They just got Tony Grimes. Yikes.

Dré Bly is a coach with a bright future. Grimes being from Virginia, just like Bly, was huge. He's EXTREMELY popular in his home state and will be a major factor for all of the top kids in the region - and Virginia (and North Carolina for that matter) produce more talent than people realize. Bly was already gaining a strong reputation as a recruiter before he got Grimes. You add him to a staff that also has ace recruiters like Tommy Thigpen, Robert Gillespie and Jay Bateman, and it's easy to envision UNC being in the Top 15 on a regular basis.
 
I started a thread on this same topic a few days ago -- though put it in Other teams.

There's a link there discussing UNC's latest verbal -- and mention that 247 has their 2021 class ranked 3rd nationally.

 
Dré Bly is a coach with a bright future. Grimes being from Virginia, just like Bly, was huge. He's EXTREMELY popular in his home state and will be a major factor for all of the top kids in the region - and Virginia (and North Carolina for that matter) produce more talent than people realize. Bly was already gaining a strong reputation as a recruiter before he got Grimes. You add him to a staff that also has ace recruiters like Tommy Thigpen, Robert Gillespie and Jay Bateman, and it's easy to envision UNC being in the Top 15 on a regular basis.

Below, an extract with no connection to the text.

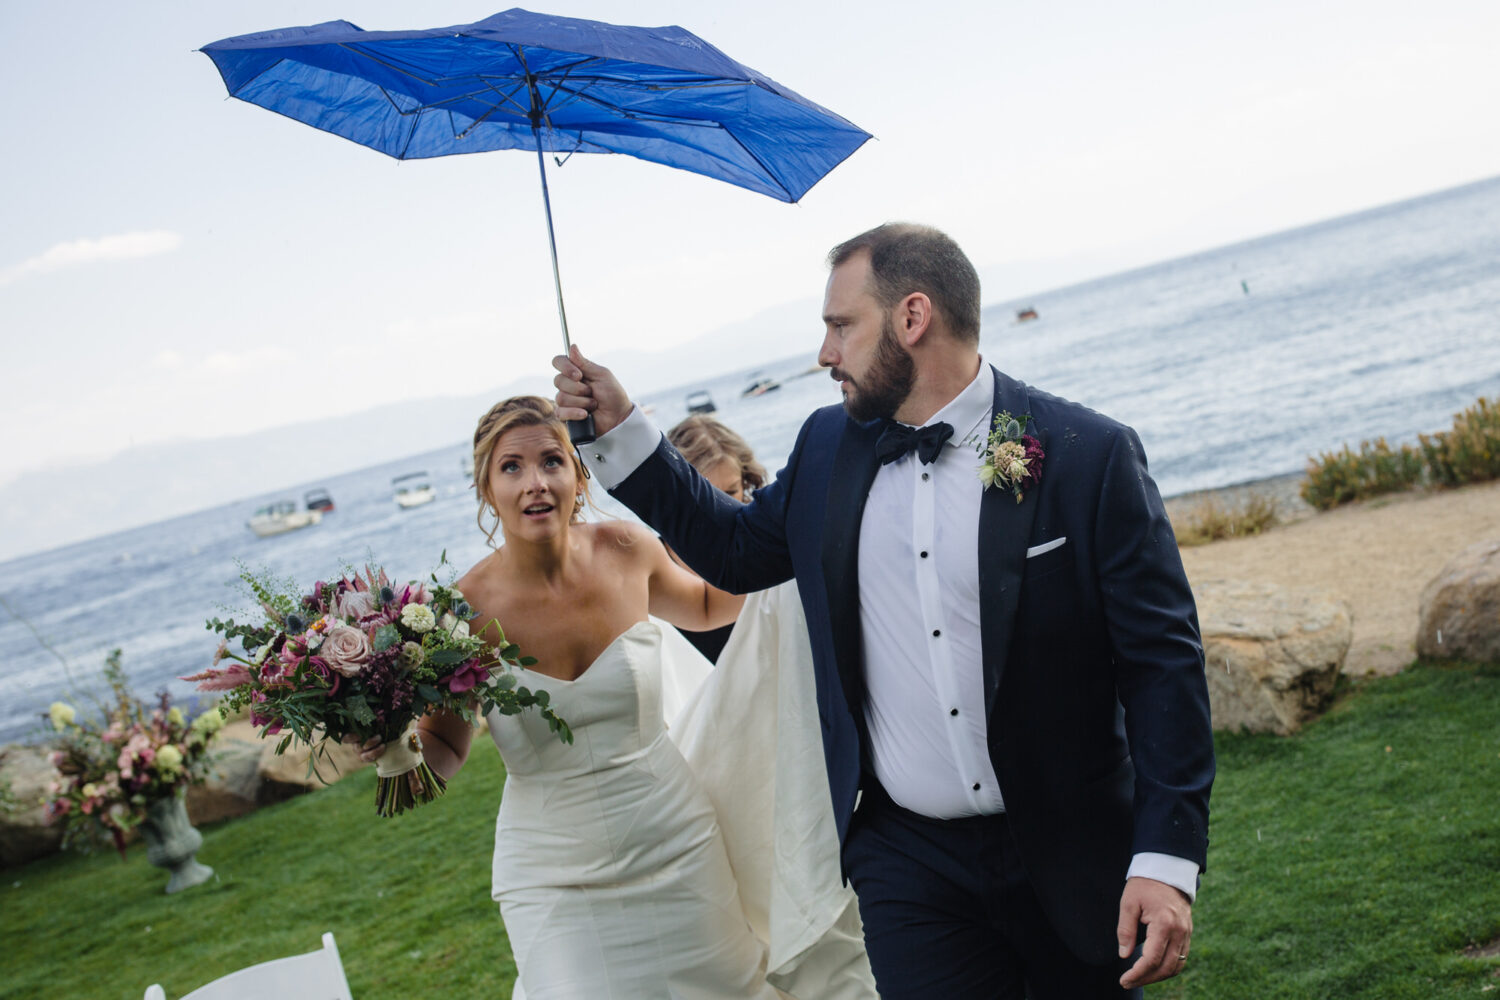 A rainy wedding day is good luck, even if your umbrella is broken.

The two best hires Mack has arguably ever made were Jay Bateman as his DC and Phil Longo as his OC. They're both really innovative and dynamic, and it shows that Mack learned some things during his time off. His philosophies on both sides of the ball got really stale those last few years at Texas.
And I agree about both Bly and Thigpen, but I still am amazed at how well they're recruiting. #3 in the country is amazing. UNC is a beautiful campus and their stadium is really cool, but it only seats 60k and they will always be a basketball school. To see them beating out football blue bloods I'm recruiting is a little surprising.
 



I had family at UNC when Brown was there the first time. His recipe was to dominate the state of NC and do some damage in Virginia and the Tidewater region. He built a very talented roster doing so, second only to FSU in the ACC at the time.

North Carolina was a good state for talent then. It's great now. And Virginia has not only the Tidewater region but the Richmond area and Northern Virginia both put out a lot of great players that aren't all that far from Chapel Hill. With Mack Brown, UNC is truly a potential giant in CFB.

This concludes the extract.